On Tue, 28 Jun 2005, Joerg Lehmann wrote:
On 27.06.05, Dag Wieers wrote:
Back home (after being abroad 2.5 months) I installed pytone on my main music system. This system has 52GB of music (I have a huge collection of music CDs) of about 11.500 songs.
Now, most of the music players I know have problems handling that amount of files. Usually this is memory related. Pytone consumes 140MB of RAM, which is compared to other players, not that bad. Some players consume far worse (not even usable with such a collection).
In fact when I restarted it it only consumed 15MB residential memory and 183MB virtual memory, before, when indexing, it consumed 140MB of residential memory and 360MB of virtual memory.

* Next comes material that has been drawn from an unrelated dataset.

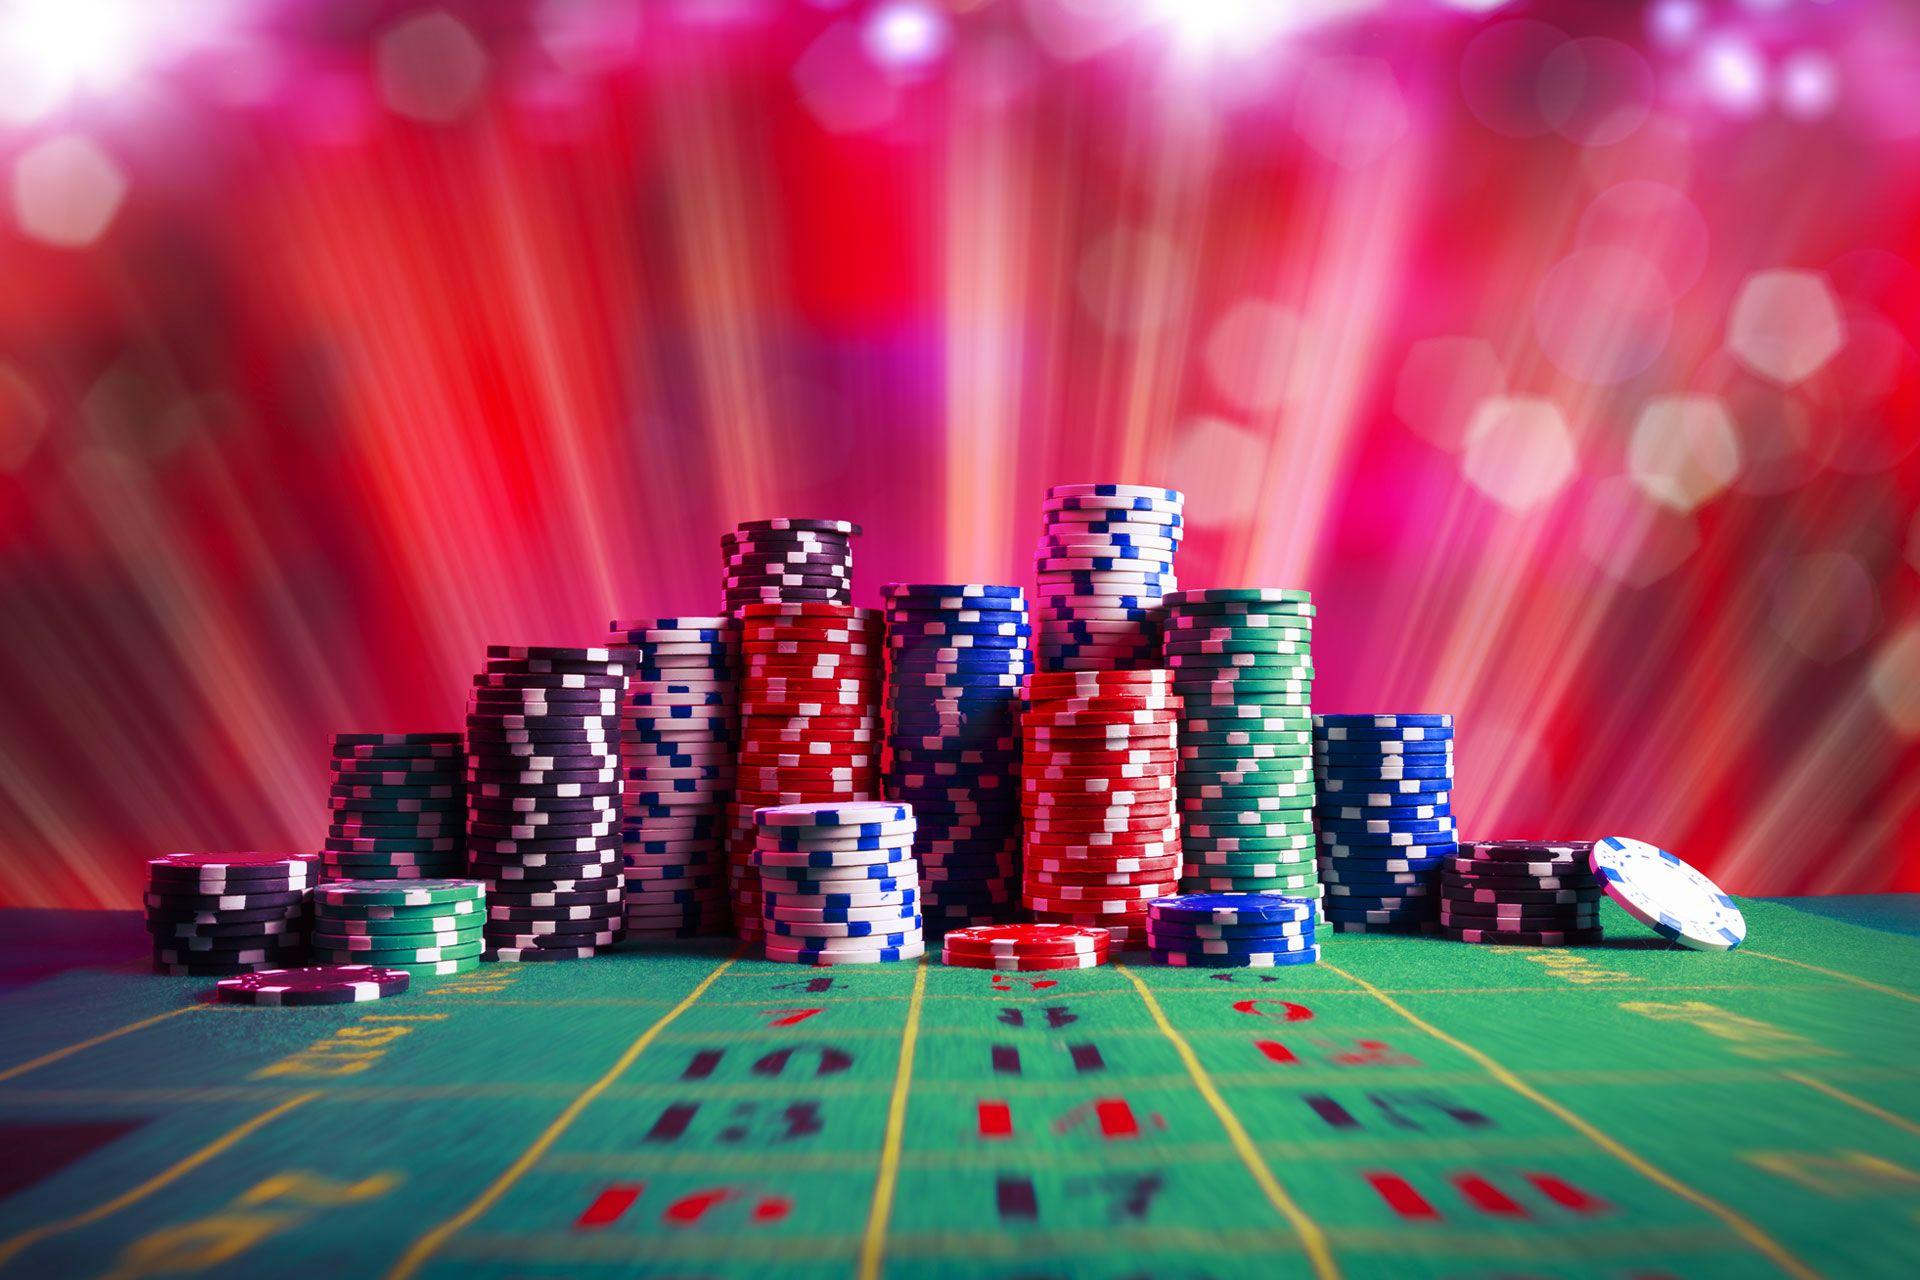 casino | Play casino, Casino, Casino games

This could be due to Python not releasing the memory it has allocated.
After running it for a day (and updating some databases fro mtime to time), this is what top says: PID USER PR NI VIRT RES SHR S %CPU %MEM TIME+ COMMAND 3952 dag 15 0 397m 128m 3580 S 1.0 12.9 1:35.57 python If I simply restart pytone, memory usage looks like: PID USER PR NI VIRT RES SHR S %CPU %MEM TIME+ COMMAND 10869 dag 15 0 328m 59m 3448 S 0.0 6.0 0:00.81 python This is for a collection of 12557 files divided over 5 databases.
Furthermore, pytone works pretty well using the interface, but startup time the first time after it has indexed that much music was terrible. It took up too much time. 8 minutes ! After that I restarted and it started immediately.
Have you looked whether there was a huge number of log files in the db environment directory.
There was. All in all, the memory consumption of pytone is not that bad, except for the mentioned problems. Snackamp does slightly better overall. Most other music players are not suitable for this amount of files (consuming much more memory causing my system to swap and become unusable). -- dag wieers, dag@wieers.com, http://dag.wieers.com/ -- [all I want is a warm bed and a kind word and unlimited power]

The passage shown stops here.